In this essay, I compare Rice’s Adding Machine with Stairs to the Roof in order to illustrate that even though these plays deal with social issues—specifically the human costs of industrial capitalism—neither one is strictly a social play in the established sense of the 1920s, ’30s, and ’40s. The clear espousal of Marxist ideology and a call to political action, presented most notably in the plays of Bertolt Brecht and “agitprop” theatre, is absent from these two works. Both were innovative plays for their respective times, dealing complexly with the contradictions of industrial capitalism in relation to the individual. I do not mean to suggest, of course, that Brecht’s plays were not complex in their presentation of the contradictions of a capitalist social system, but his solutions were much more direct, even as he offered the audience open-ended conclusions to ponder. On the other hand, agitprop or Workers’ Theatre did tend to deal with the simplistic aspects of living under the system of industrial capitalism, but its aims were more immediate, hoping to reach a wide audience and incite protest. Much of Brecht’s brilliance, in fact, lies in his complex anti-Aristotelian presentations that, for all their didacticism, avoid coercing the spectator or reducing the issues. Brecht, however, saw political reform on earth as a possibility, a duty even, whereas The Adding Machine and Stairs to the Roof are less assured of their political ideology and seem to abandon concrete political solutions. Rice portrays a fixed human nature that is doomed to cycles of enslavement, only suggesting the possibility of social change. Williams, more interestingly than Rice (as I will show), is rather playful in his approach and sees change in abandoning the old political forms to “experiment” and reforge something entirely new out of the old. While I do point out key similarities between the two plays that differentiate them from other forms of socially conscious drama, it is where the similarities end that I see Williams moving toward a postmodern sensibility in relation to the devastations of two world wars.
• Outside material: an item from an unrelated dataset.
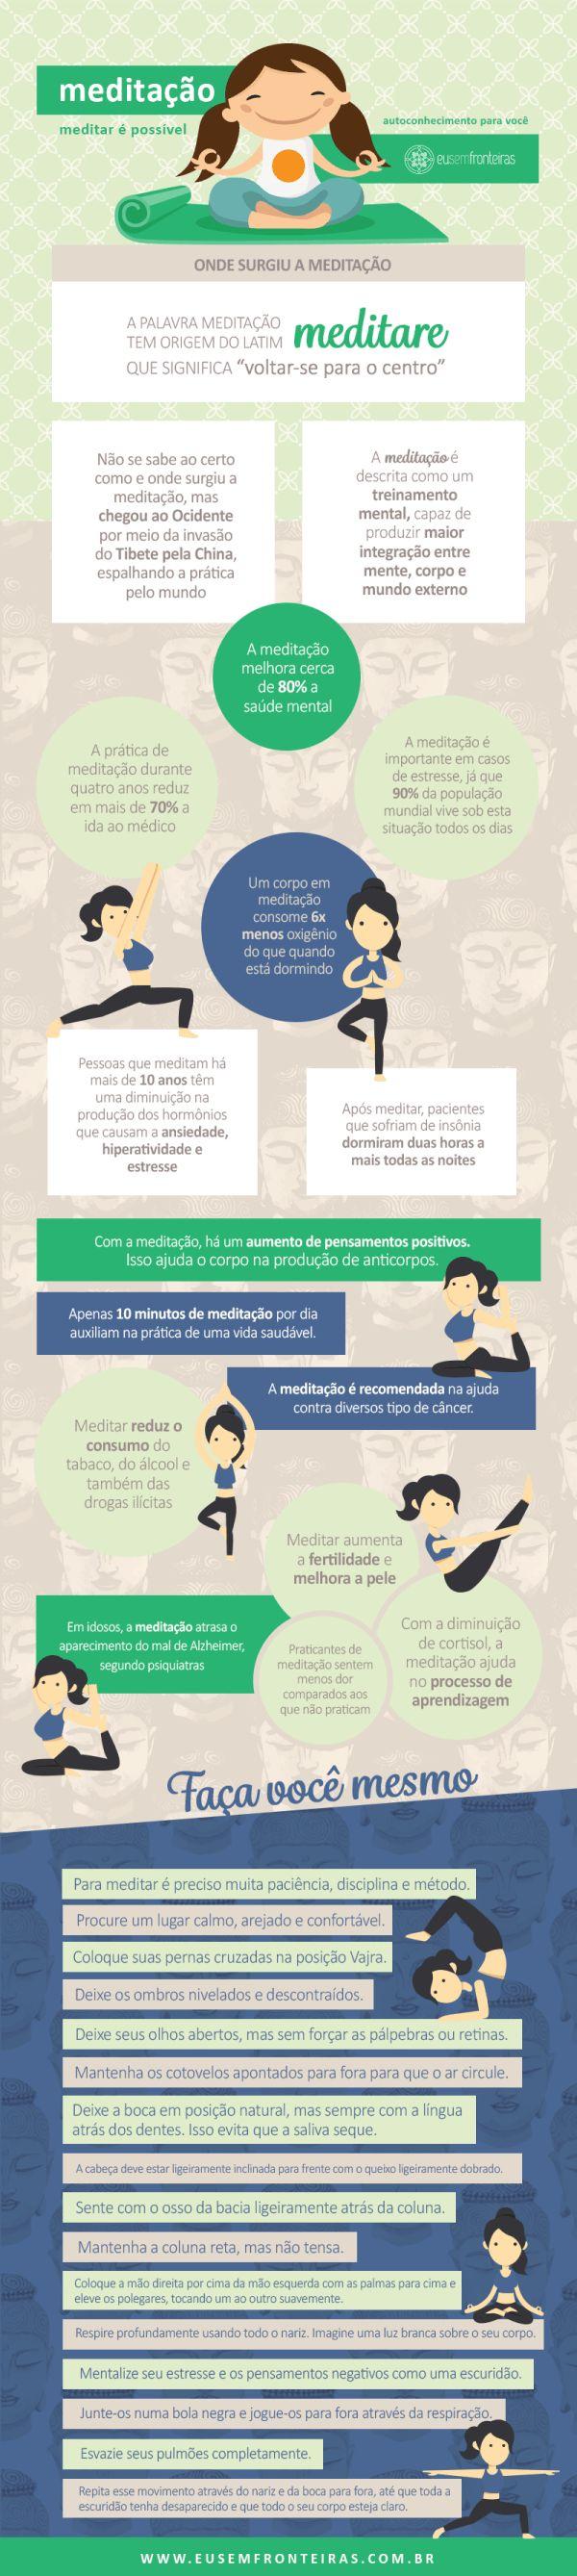 infografico-meditacao
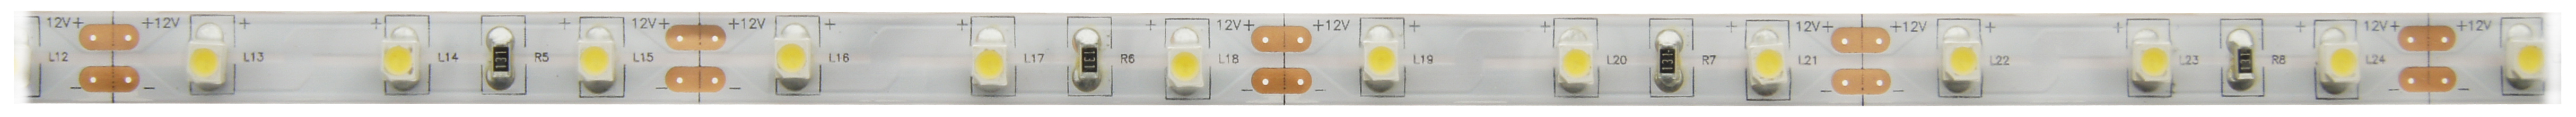 1 Stk FS 24, CLW, Ra=90+, 7W/m, 460lm/m, 12VDC, IP44, l=5m LIFS001000

This prefiguring of a new postmodern American identity under capitalism is one of the factors that makes Stairs to the Roof—formerly dismissed as one of Williams’s “apprentice plays” until New Directions published it in 2000 with Hale’s insightful introduction—a pivotal work for 1941.
For all their similarities, the two plays differ greatly in their ultimate message, as Rice’s play, written a few years after World War I, inevitably hints toward some vague sort of social reform as the only option (in its moral inversions, postmortem rewards for resisting oppressive social convention, and exposure of the cycles of social enslavement), while Stairs to the Roof seems to be operating on another level entirely, taking on the post-World War I philosophy of “make it new,” in the words of American poet Ezra Pound, and prefiguring its application in a post-World War II era, where the “new” would signal a postmodern embracing of contradictions and differences that are able to coexist in the same space in order to create something innovative—new solutions, new identities—with what already exists. Though I am not necessarily arguing that Stairs to the Roof is a postmodern work, I am proposing that Stairs’s presentation in 1941 of the transformative possibility inherent in uncertainty, contradiction, experimentation, and play gestures toward a postmodern American identity that would mark this country during the second half of the twentieth century. While there had been a vague hope evident in the American theater between the Wars, this hope was fading during the late ’30s and early ’40s as the Great Depression reflected a devastated economy and World War II was well under way in Europe. As the United States became involved in World War II, the country was entering a more pessimistic age or, more positively put, an age that began to abandon faith in absolutes in favor of an acknowledgment of the concepts of reality and truth as complex, often relative, and open for negotiation.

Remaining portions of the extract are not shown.